[YOUR ASSIGNMENT] Quote every line from the top of the listing down to and including the line that contains "Charming French mid-century".

[RECORDED DATA]
========

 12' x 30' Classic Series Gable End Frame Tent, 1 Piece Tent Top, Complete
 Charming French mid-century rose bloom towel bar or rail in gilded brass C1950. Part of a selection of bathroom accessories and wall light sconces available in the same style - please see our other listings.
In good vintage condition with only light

========

[ANSWER BOX]
 12' x 30' Classic Series Gable End Frame Tent, 1 Piece Tent Top, Complete
 Charming French mid-century rose bloom towel bar or rail in gilded brass C1950. Part of a selection of bathroom accessories and wall light sconces available in the same style - please see our other listings.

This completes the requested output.